А прогнать их было никак нельзя: тот — «князь правой руки», тот «князь левой руки», третий же — царевич, а четвёртый — «дышит в самое ухо повелителя».
И приходилось, ради блага и пользы своего народа, не только принимать незваных, но и подчас самому зазывать на угощение, одаривать и терпеть их гнусные беседы.
Как изнуряли они князя!
Вот хан Чухурху, лютый и явный враг русских, только что советовавший Берке предать Невского самой ужасной казни, тут, сидя на коврах в шатре Александра, целует его в плечо и, якобы сочувствуя, говорит:
— Ай, ай, князь! Когда я услыхал, сердце и печень мои стеснились: Берке хочет приказать тебе умереть, не показав крови!
Это означало, что Александра задушат тетивою лука.
Приходит другой гость — князь Егу. Вот он жрёт жирный плов, захватывая его двумя китайскими костяными палочками, пьёт кумыс, рыгает и говорит Александру:
— Всё хорошо, Искандер, всё хорошо: ты вынес душу свою из бездны гибели на берег спасения! Хан простил тебя — ты будешь в ряду царевичей посажен!
Но через день-другой снова является тот же самый Егу и с таинственностью, с оглядкой шепчет Александру:
— Ой, князь Искандер, совсем худо! — и закрывает глаза и долго молчит — нарочно, чтобы помучить Александра. — Совсем худо: над всеми над нами взял верх этот злой рыцарь Урдюй Пэта. Он вложил в уши хана совет погубить тебя навеки. Берке решил не убивать тебя, но тебя ослепят, и ты будешь до конца дней твоих молоть ханским жёнам ячмень на ручных жерновах и носить волосяную верёвку на шее.
Волосяная верёвка означала рабство.
Невский знал от вельмож, задаренных им, что рыцарь-предатель Джон Урдюй Пэта и впрямь добивался для него той лютой и позорной казни, о которой говорил Егу. Временами, когда Александр оставался с глазу на глаз со своим верным Настасьиным, из груди его исторгался глухой вопль гнева и душевной муки:
— Полгода… полгода истязают, проклятые! Доколе смогу терпеть? А тут ещё хозяина радушного из себя творить перед ними… Кумысничать с ними, под своим кровом принимать… О-о! Люто мне, Григорий!
Настасьин утешал князя. А у самого слёзы скорби и гнева кипели.
— Перетерпеть, государь! Что ж больше делать остаётся! Сам ты учил меня: за отечество всё перетерпеть!
— Знаю, Настасьин, знаю! — отвечал ему Александр. — Да хотя бы не видеть у себя под кровом эти дьявольские образины!
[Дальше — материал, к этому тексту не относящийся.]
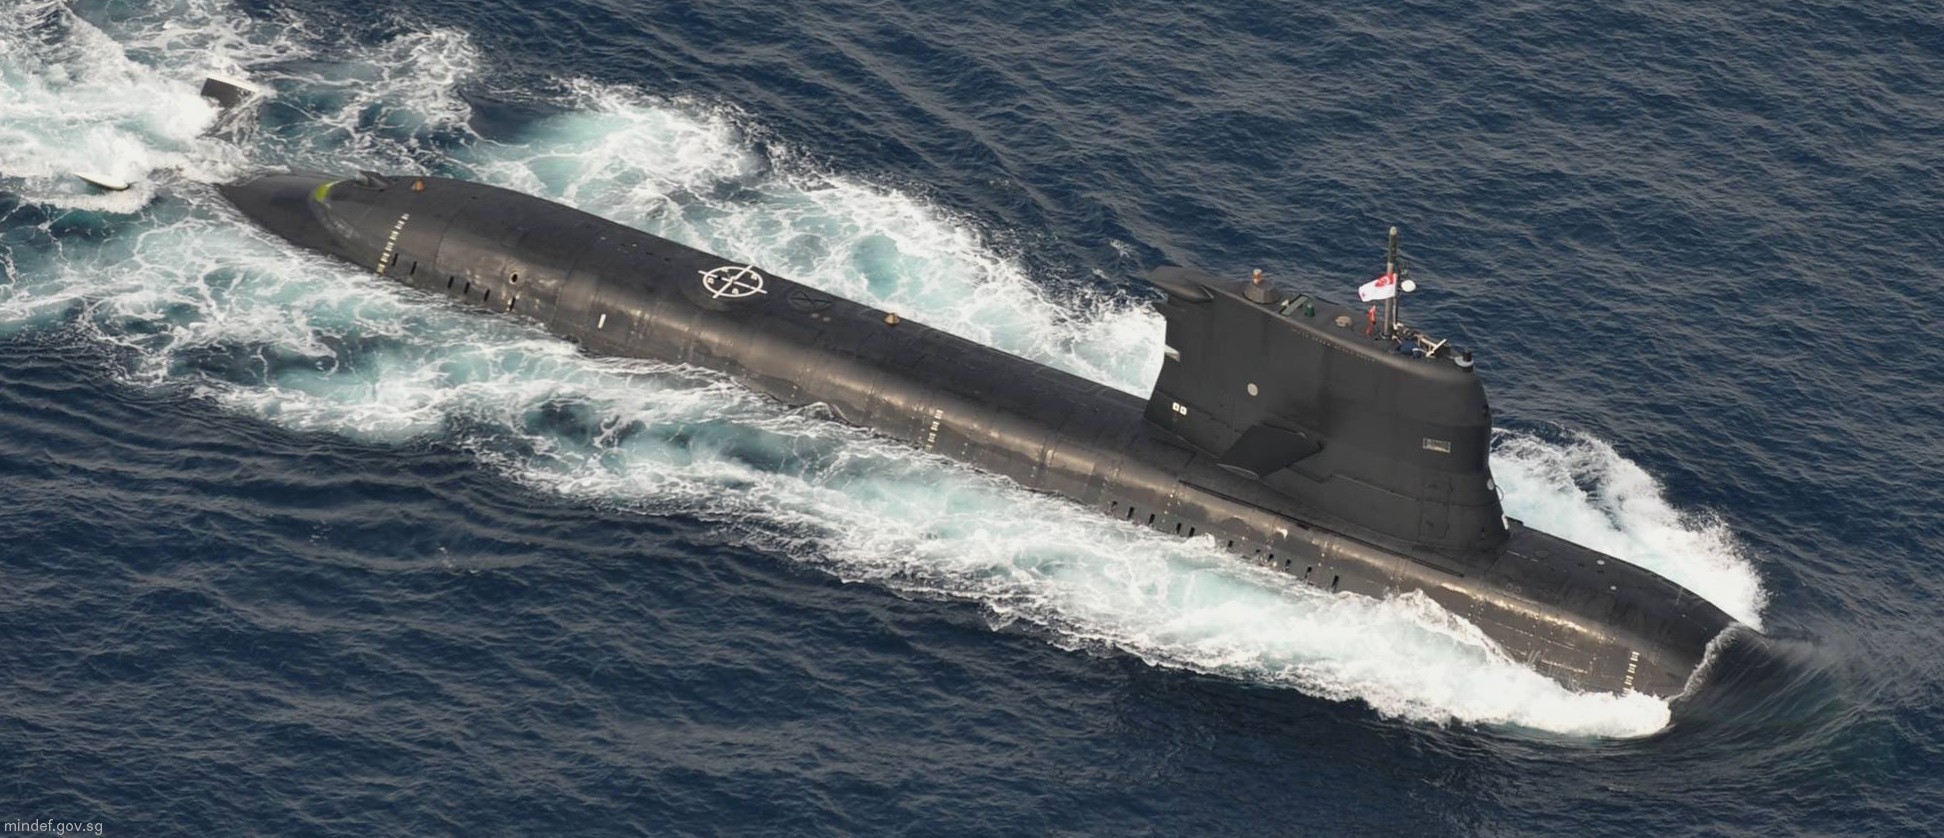 challenger class attack submarine rss conqueror chieftain centurion republic singapore navy 06x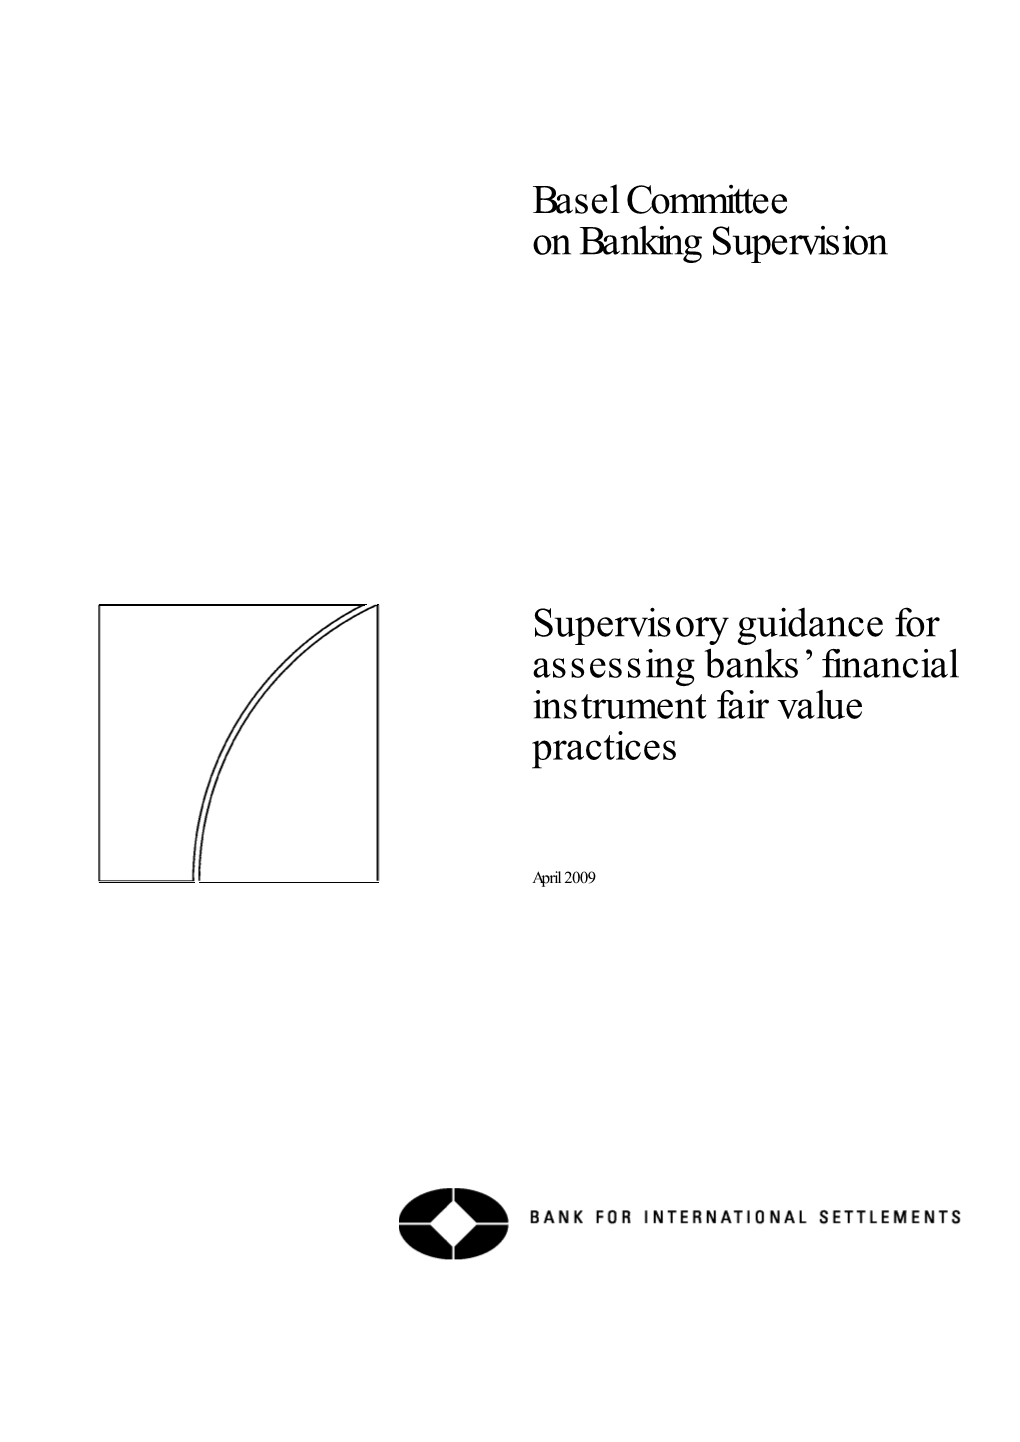 Supervisory Guidance for Assessing Banks' Financial Instrument Fair

— Нет, государь, — возразил ему Григорий Настасьин, — и здесь я супротив тебя буду слово молвить. Уж лучше к нам сюда зазывай их: здесь хоть не подсыплют яду в пищу. А там, у них, что захотят, то и сотворят.
Следуя доброму совету Настасьина, Александр Невский привык в своём ордынском томлении совершать перед сном непременную прогулку верхом.
Вот и сейчас он стоял перед серебряным полированным зеркалом, которое висело на одной из решетин кибитки, и поправлял на себе невысокую княжескую шапку — с бобровой опушкой и плоским верхом из котика.
Вот уж он натянул на свои богатырские руки ездовые длинные кожаные перчатки с раструбами. Теперь только сесть на коня…
В это время в шатёр князя вошёл Григорий Настасьин.
— Государь, — обратился он к Невскому, — там опять заявились к тебе бояре татарские. Двое. Ждут.
Александр нахмурился:
— А, пёс бы их ел! Покоя от них нету. Вот уже и на ночь глядя приходить стали!… Ладно, скажи: пускай войдут.
— А мне, Александр Ярославич, остаться с тобой или как? — спросил Настасьин.
— Тебе? Нет, зачем же! — отвечал Невский. — Ступай в шатёр свой отдохни. Ведь ныне я этих гостей потчевать не стану: стало быть, не опасно. Стража рядом… Пойди отдохни, Гриша.
И Настасьин ушёл.
…В шатёр князя вступили двое. При слабом свете свечей Невский не сразу мог рассмотреть, кто из татарских вельмож стоит перед ним.
Один из них был исполинского роста. Входя в шатёр, он принуждён был чуть не вдвое согнуться. Да и могуч был — плечи как брёвна.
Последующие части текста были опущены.